What this task involves
Reproduce the entries below exactly, but only from the line containing "Division of Public Transit" to the line containing "Dino Logo - File:Mozilla", inclusive.

Raw data
-*-
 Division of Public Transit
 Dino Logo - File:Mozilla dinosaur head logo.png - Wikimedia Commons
-*-
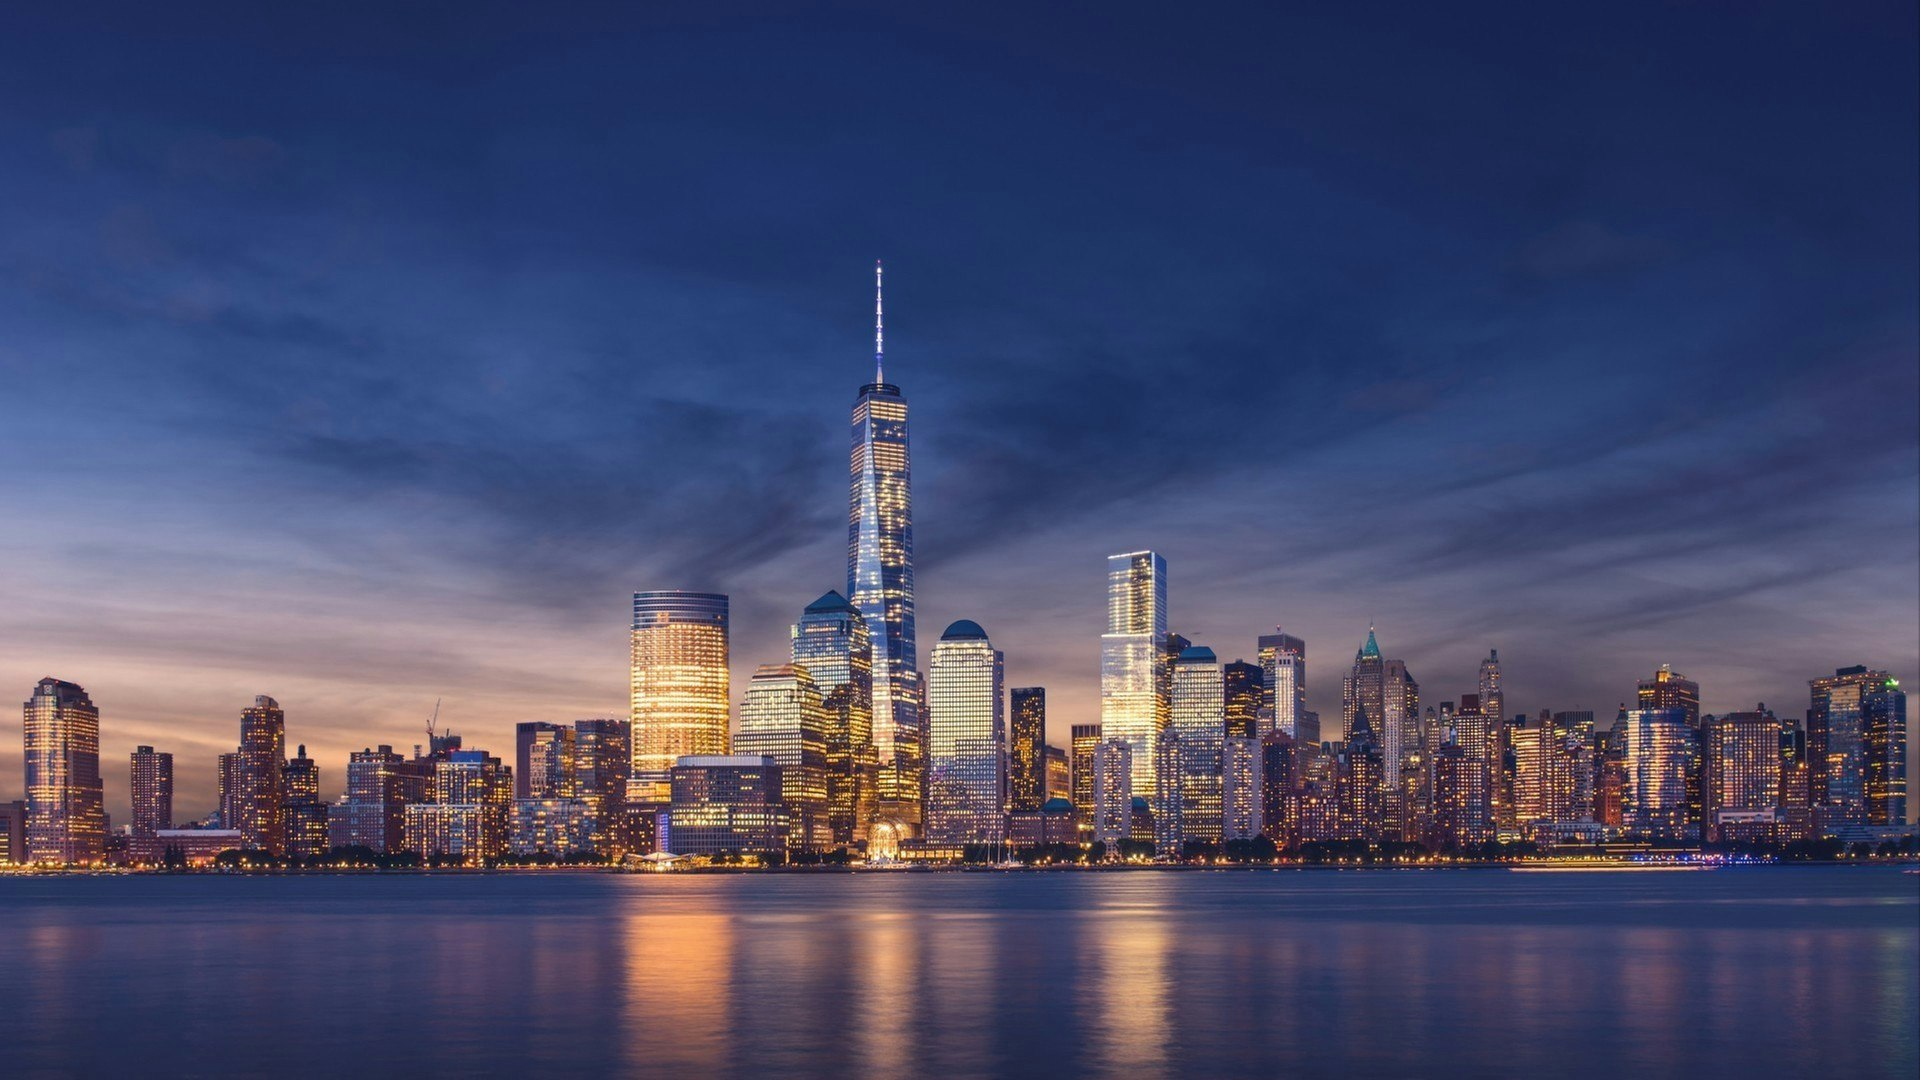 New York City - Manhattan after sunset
-*-
Exercise response
 Division of Public Transit
 Dino Logo - File:Mozilla dinosaur head logo.png - Wikimedia Commons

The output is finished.